As above for the time series file, we fetch the path to an example file included in the package, originally downloaded from the FMI server. It covers the whole of the Iberian peninsula and the Balearic islands. Only variables for UV-B and UV-A daily dose and daily maximum irradiances, not biologically weighted, were requested from the server.
one.file.name <-
system.file("extdata", "O3MOUV_L3_20240621_v02p02.HDF5",
package = "reumetsat", mustWork = TRUE)
Two query functions make it possible to find out the names of the variables contained in a file and the coordinates of the grid.
vars_AC_SAF_hdf5(one.file.name)
#> [1] "Date" "Longitude" "Latitude"
#> [4] "DailyDoseUva" "DailyDoseUvb" "DailyMaxDoseRateUva"
#> [7] "DailyMaxDoseRateUvb" "QualityFlags"
By default only the boundaries of the grid are returned.
With defaults all variables are read, and because the data can
include multiple geographic grid points, Longitude
and
Latitude
are always returned in the data frame.
midsummer_spain.tb <- read_AC_SAF_hdf5(one.file.name)
dim(midsummer_spain.tb)
#> [1] 221 8
colnames(midsummer_spain.tb)
#> [1] "Date" "Longitude" "Latitude"
#> [4] "DailyDoseUva" "DailyDoseUvb" "DailyMaxDoseRateUva"
#> [7] "DailyMaxDoseRateUvb" "QualityFlags"
Variable names are consistent between the data frames returned by
read_AC_SAF_hdf5()
and read_AC_SAF_txt()
, but
the position of the columns, can vary. Use names rather than numeric
positional indices to extract columns!
str(lapply(midsummer_spain.tb, class))
#> List of 8
#> $ Date : chr "Date"
#> $ Longitude : chr "numeric"
#> $ Latitude : chr "numeric"
#> $ DailyDoseUva : chr "numeric"
#> $ DailyDoseUvb : chr "numeric"
#> $ DailyMaxDoseRateUva: chr "numeric"
#> $ DailyMaxDoseRateUvb: chr "numeric"
#> $ QualityFlags : chr "numeric"
Quality control information is encoded differently in the two types
of downloaded files. As seen above, in .txt
individual QC
variables, taking as values single-digit integer
values are
present. In the .HDF5
files the flags are collapsed into a
single variable, that needs decoding.
We can as before read only specific variables if needed by passing
their names as argument to vars.to.read
.
midsummer_spain_daily.tb <-
read_AC_SAF_hdf5(one.file.name,
vars.to.read = c("DailyDoseUva", "DailyDoseUvb"))
dim(midsummer_spain_daily.tb)
#> [1] 221 5
colnames(midsummer_spain_daily.tb)
#> [1] "Date" "Longitude" "Latitude" "DailyDoseUva" "DailyDoseUvb"
We can read multiple files, with a limit to their maximum number imposed by the available computer RAM as data frames as used reside in RAM during computations. The amount of RAM required varies with the geographic area covered and number of variables read. In practice, this limit is unlikely to be a problem only with data with world-wide coverage.

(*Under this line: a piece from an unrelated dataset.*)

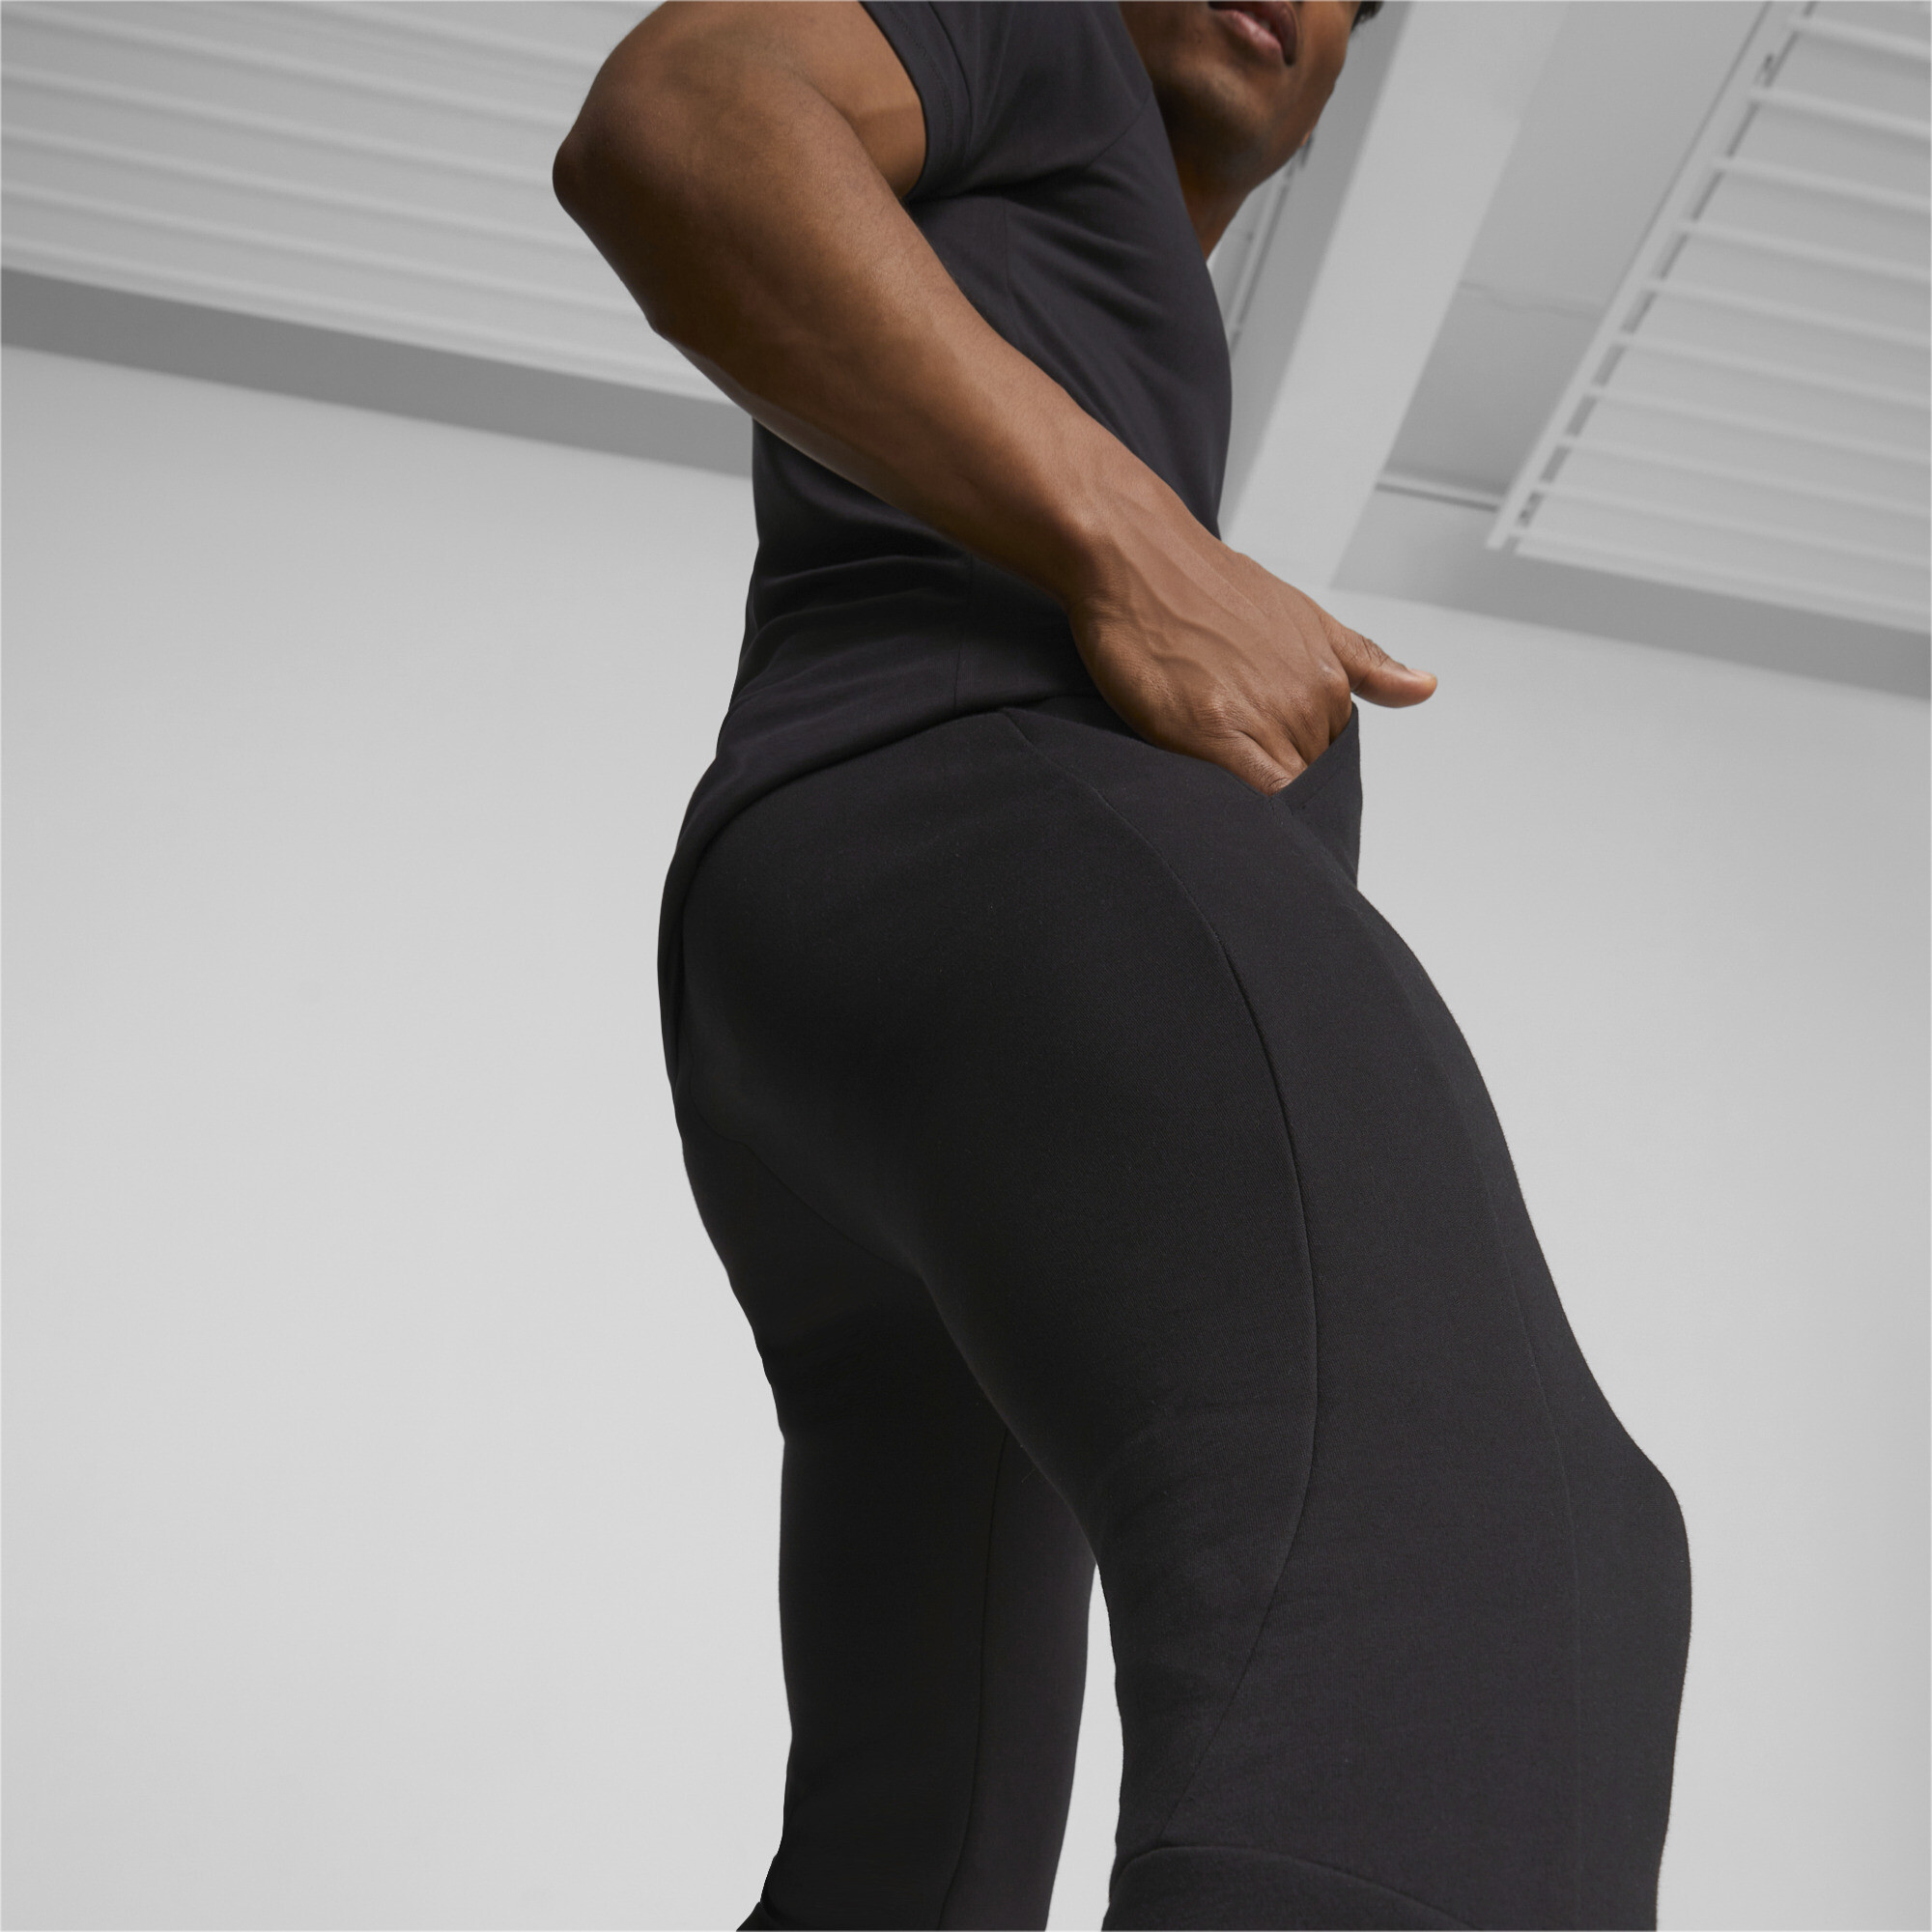 Men's PUMA Evostripe Sweatpants In Black, Size Large
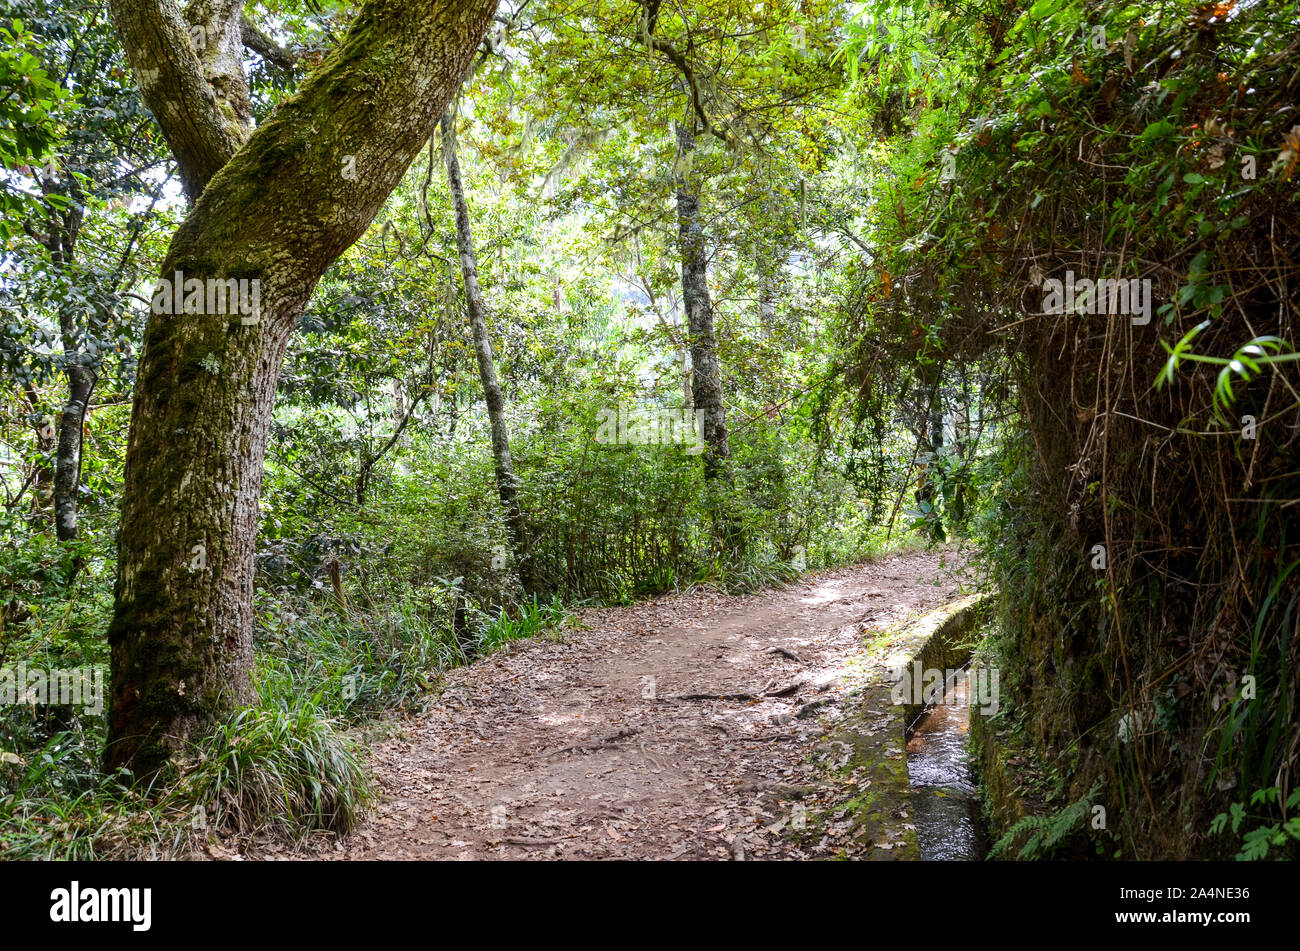 Wanderweg im Wald während der Levada dos Balcoes Trail in Madeira, Portugal. Das Bewässerungssystem Kanal mit einem Strom von Wasser. Grüne Bäume um den Weg. Wandern in den Wald. Stockfoto

We fetch the paths to the example files included in the package. In
normal use, this step is not needed as the user will know the paths to
the files to read, or will use function list.files()
with a
search pattern if he/she knows the folder where the files to be read
reside.
five.file.names <-
system.file("extdata",
c("O3MOUV_L3_20240620_v02p02.HDF5",
"O3MOUV_L3_20240621_v02p02.HDF5",
"O3MOUV_L3_20240622_v02p02.HDF5",
"O3MOUV_L3_20240623_v02p02.HDF5",
"O3MOUV_L3_20240624_v02p02.HDF5"),
package = "reumetsat", mustWork = TRUE)
The only difference to the case of reading a single file is in the
length of the character vector containing file names. The different
files read in the same call to read_AC_SAF_hdf5()
should
share identical grids and contain the variables to be read. If this
is not the case, read_AC_SAF_hdf5()
should be used to read
them individually and later combined, which is a slower approach.